Retype the following data exactly, but leave its pictures out.

Data segment: Begin

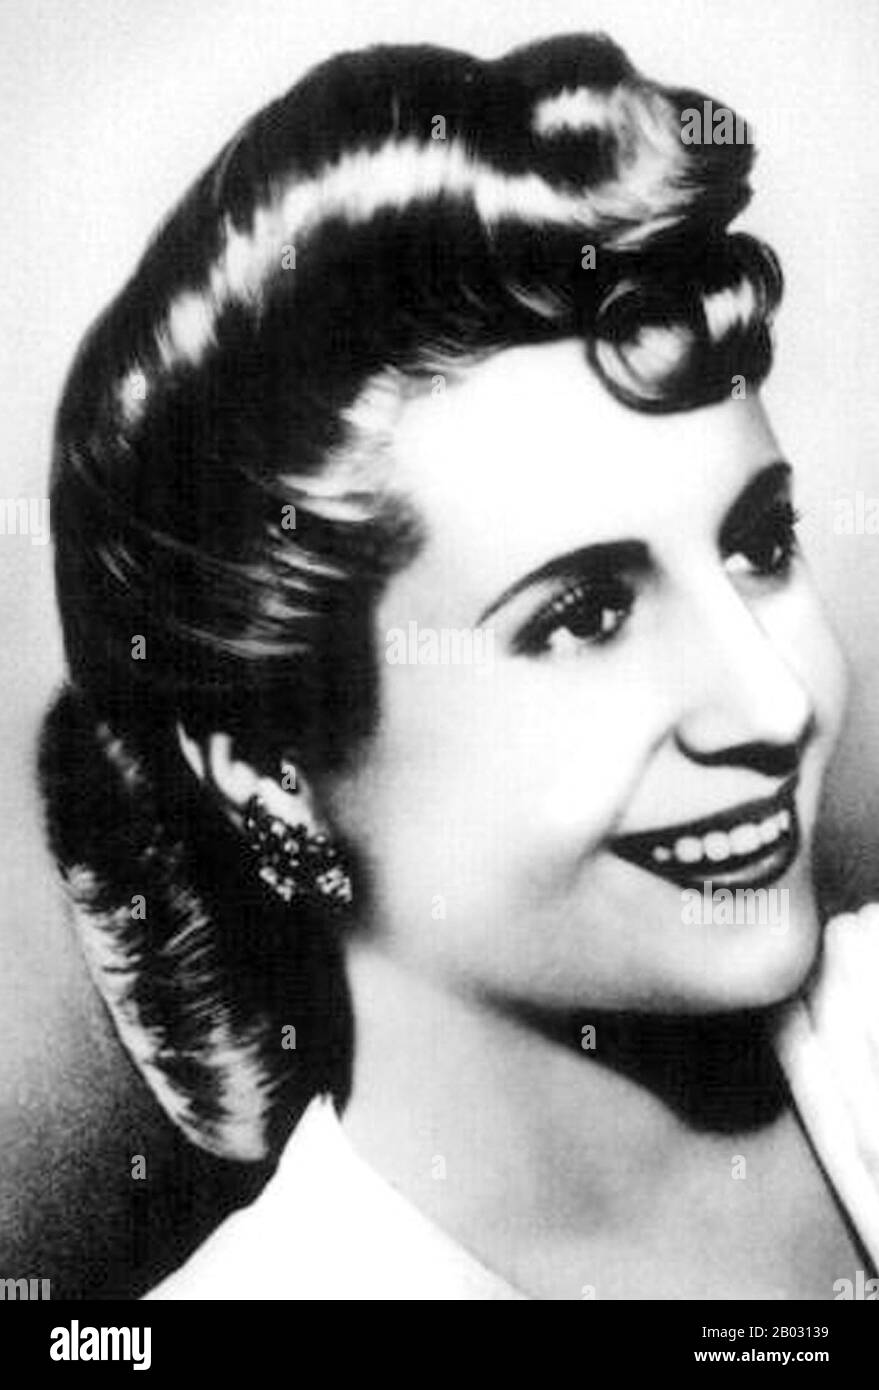 Maria Eva Duarte de Peron (7 May 1919 – 26 July 1952) was the second wife of Argentine President Juan Peron (1895–1974) and served as the First Lady of Argentina from 1946 until her death in 1952.  She is usually referred to as Eva Peron, or by the affectionate Spanish language diminutive Evita. Stock Photo
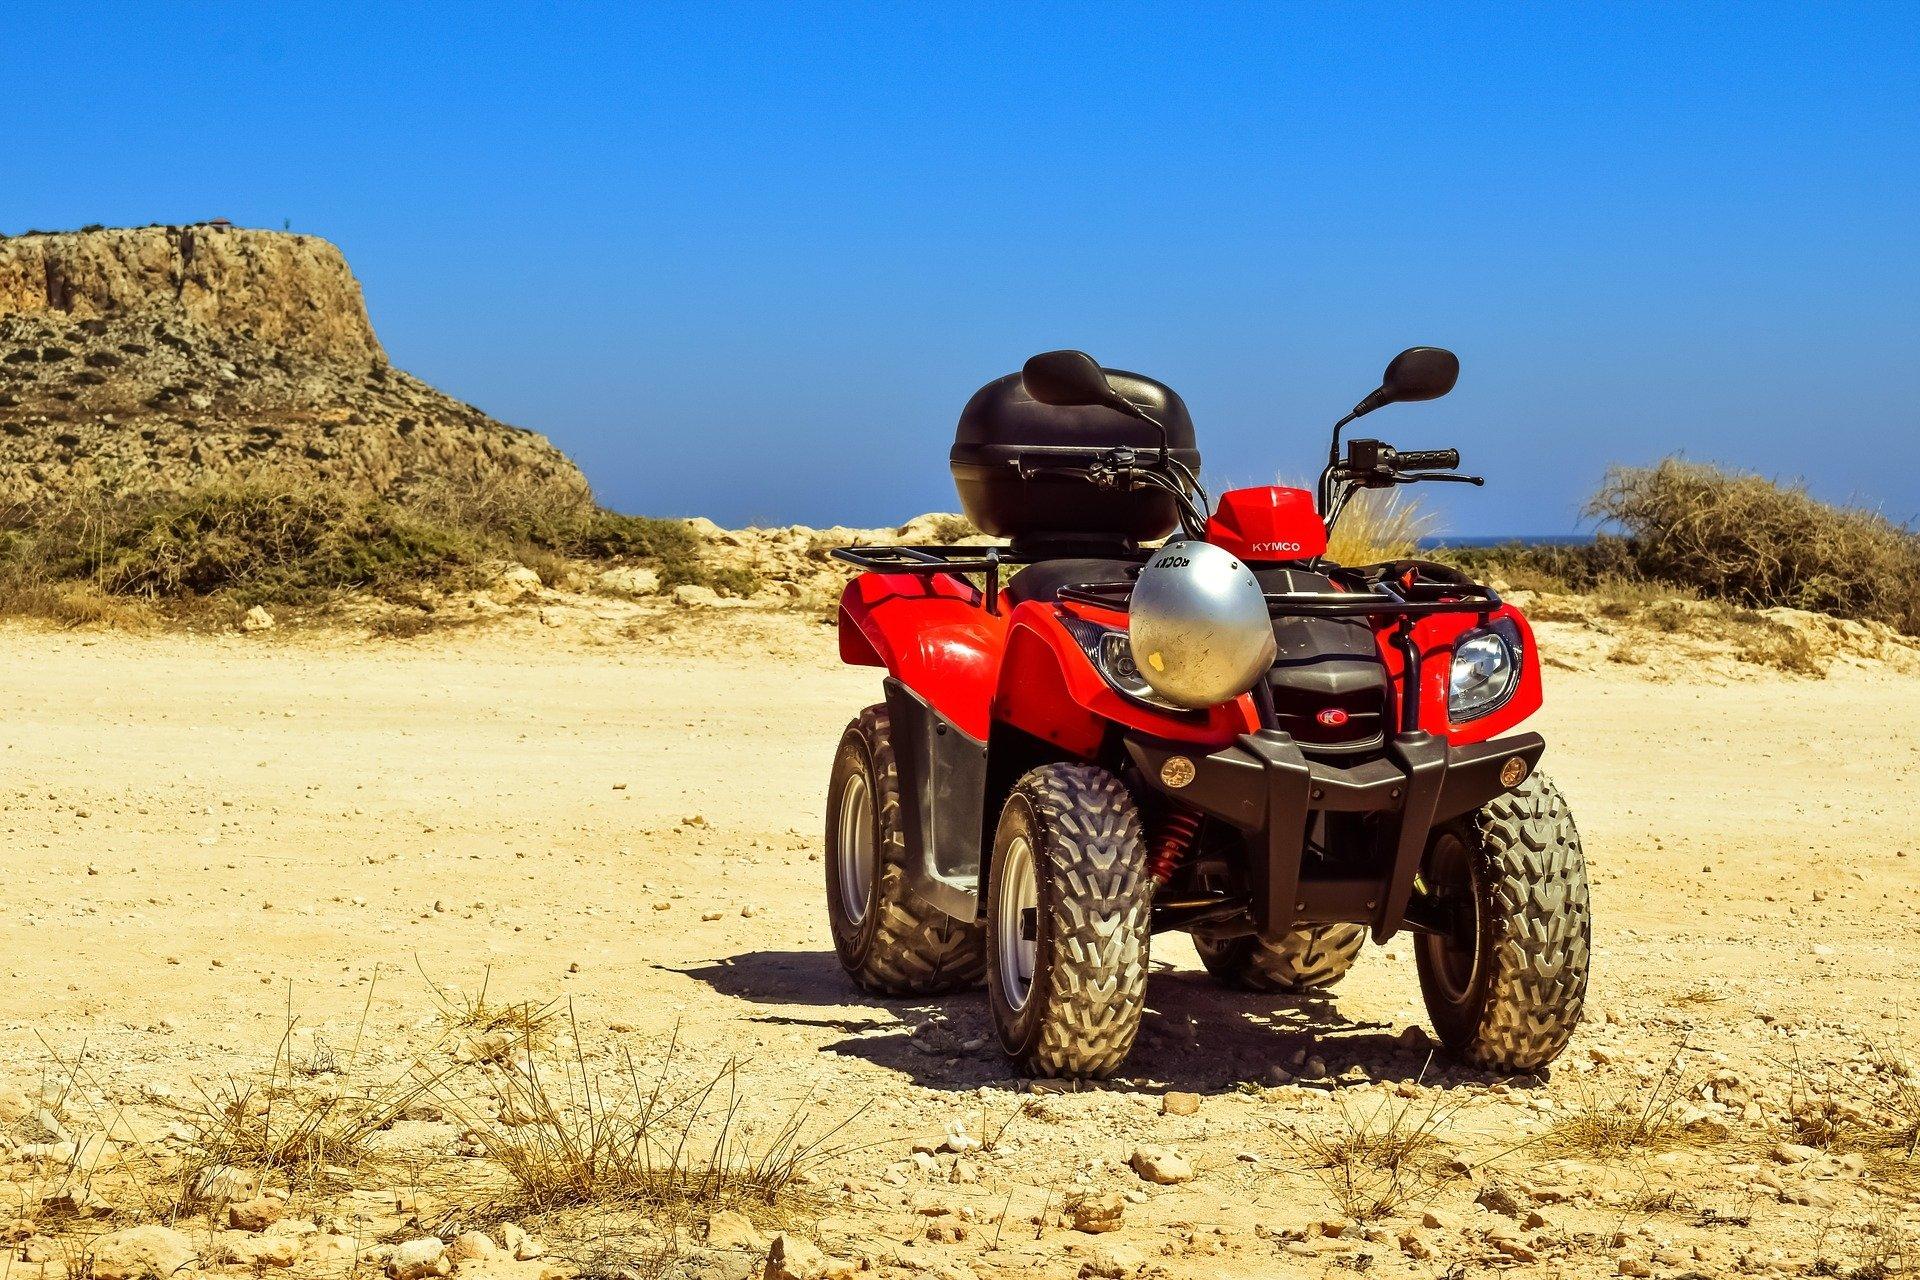 Red KYMCO ATV Quad (Dune Buggy) HD Wallpaper. Background Image
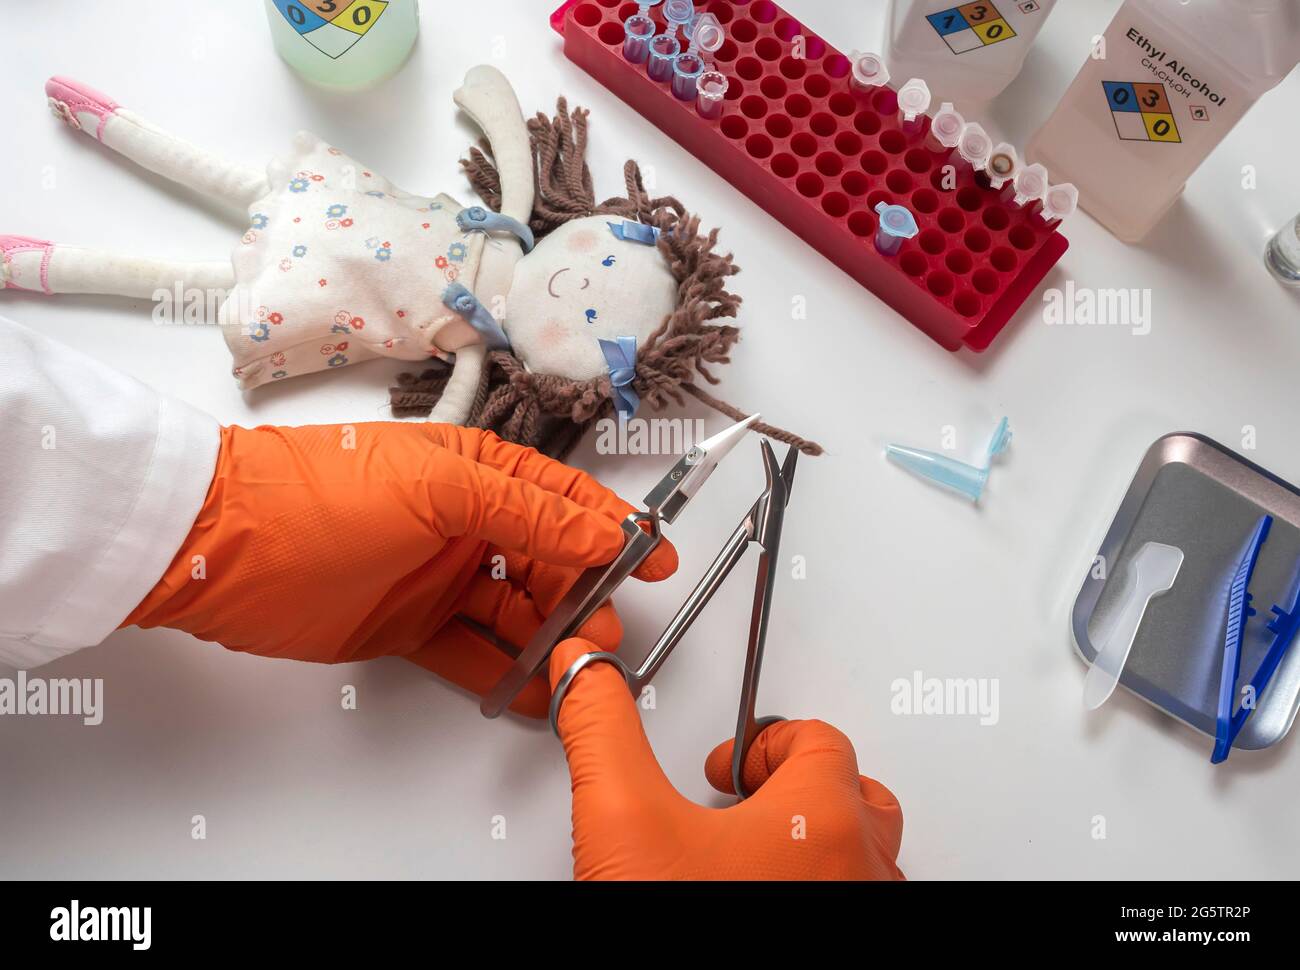 Forensic police extract hair from rag doll implicated in murder at crime lab for DNA analysis, concept image Stock Photo
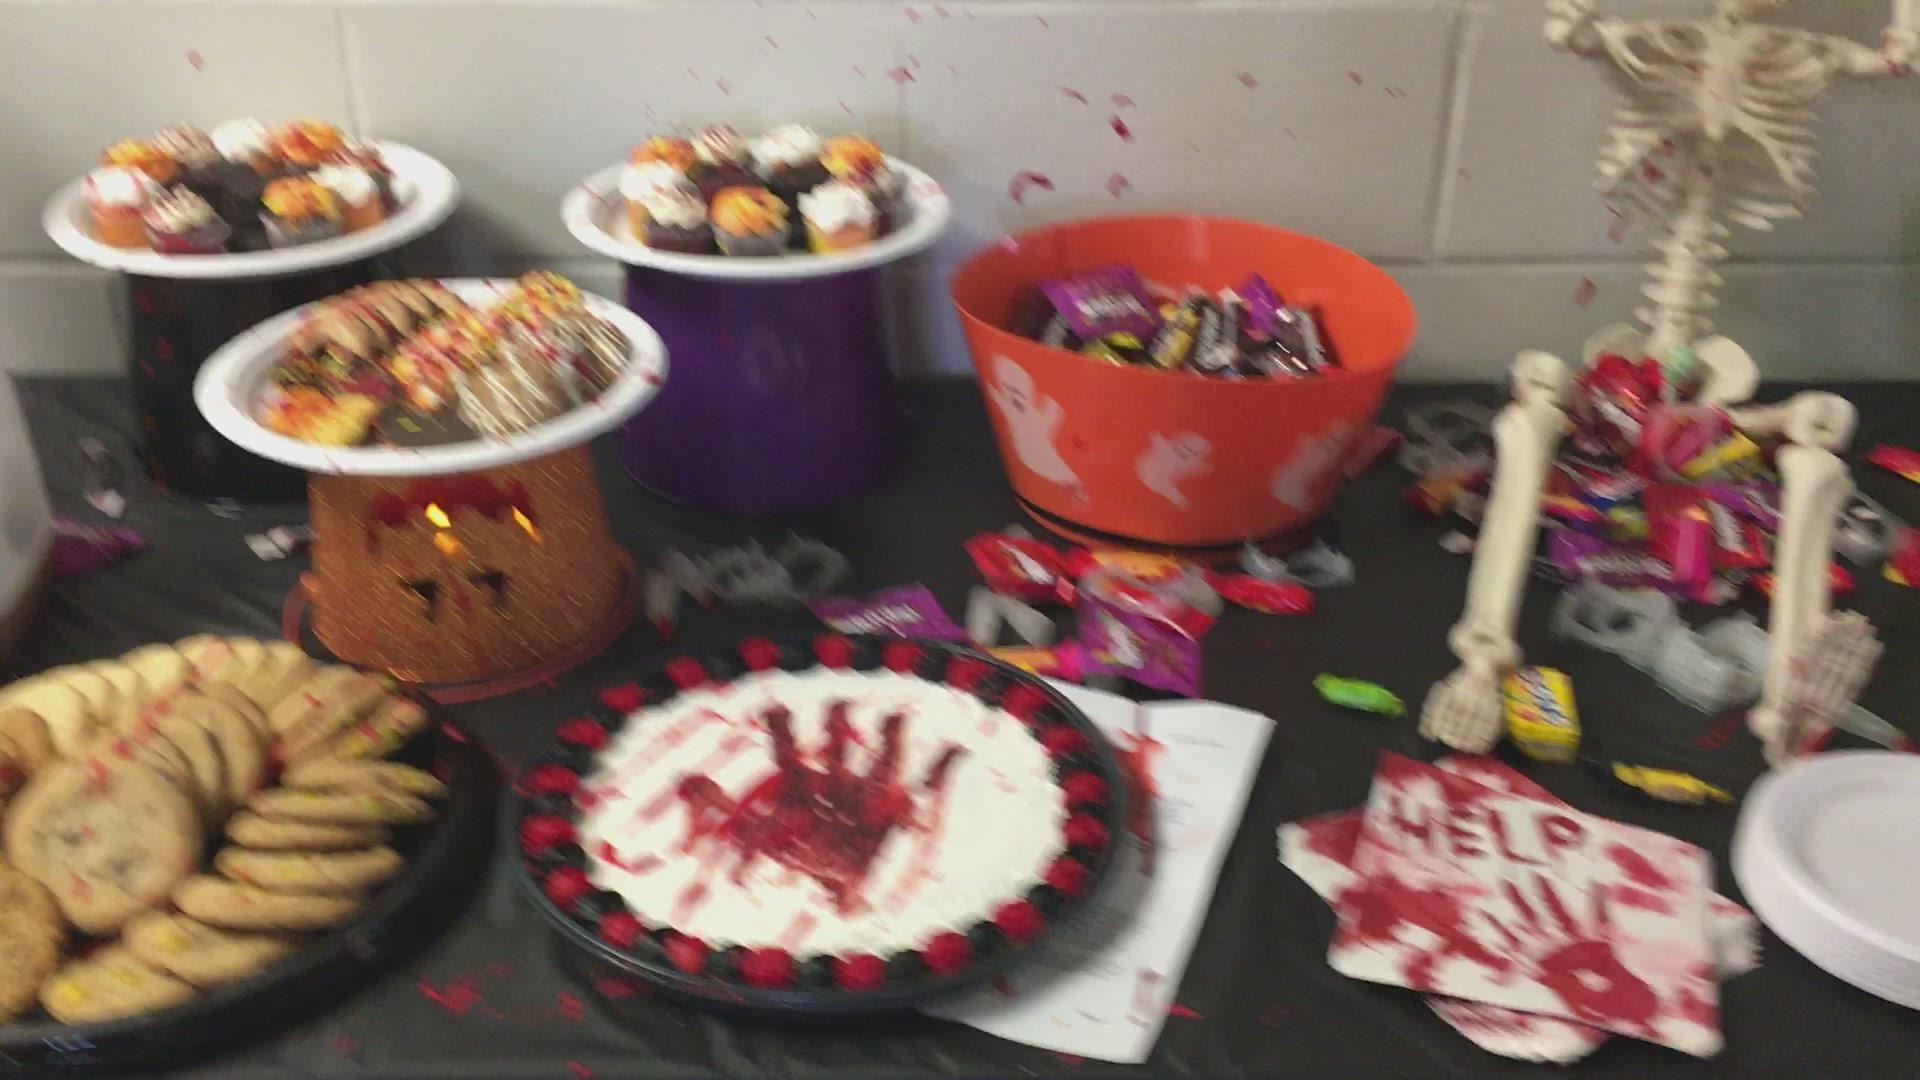 6 News went all out for Halloween 2019, including a disgustingly delicious dessert table.

Data segment: End

| Answer space |
 Maria Eva Duarte de Peron (7 May 1919 – 26 July 1952) was the second wife of Argentine President Juan Peron (1895–1974) and served as the First Lady of Argentina from 1946 until her death in 1952.  She is usually referred to as Eva Peron, or by the affectionate Spanish language diminutive Evita. Stock Photo
 Red KYMCO ATV Quad (Dune Buggy) HD Wallpaper. Background Image
 Forensic police extract hair from rag doll implicated in murder at crime lab for DNA analysis, concept image Stock Photo
 6 News went all out for Halloween 2019, including a disgustingly delicious dessert table.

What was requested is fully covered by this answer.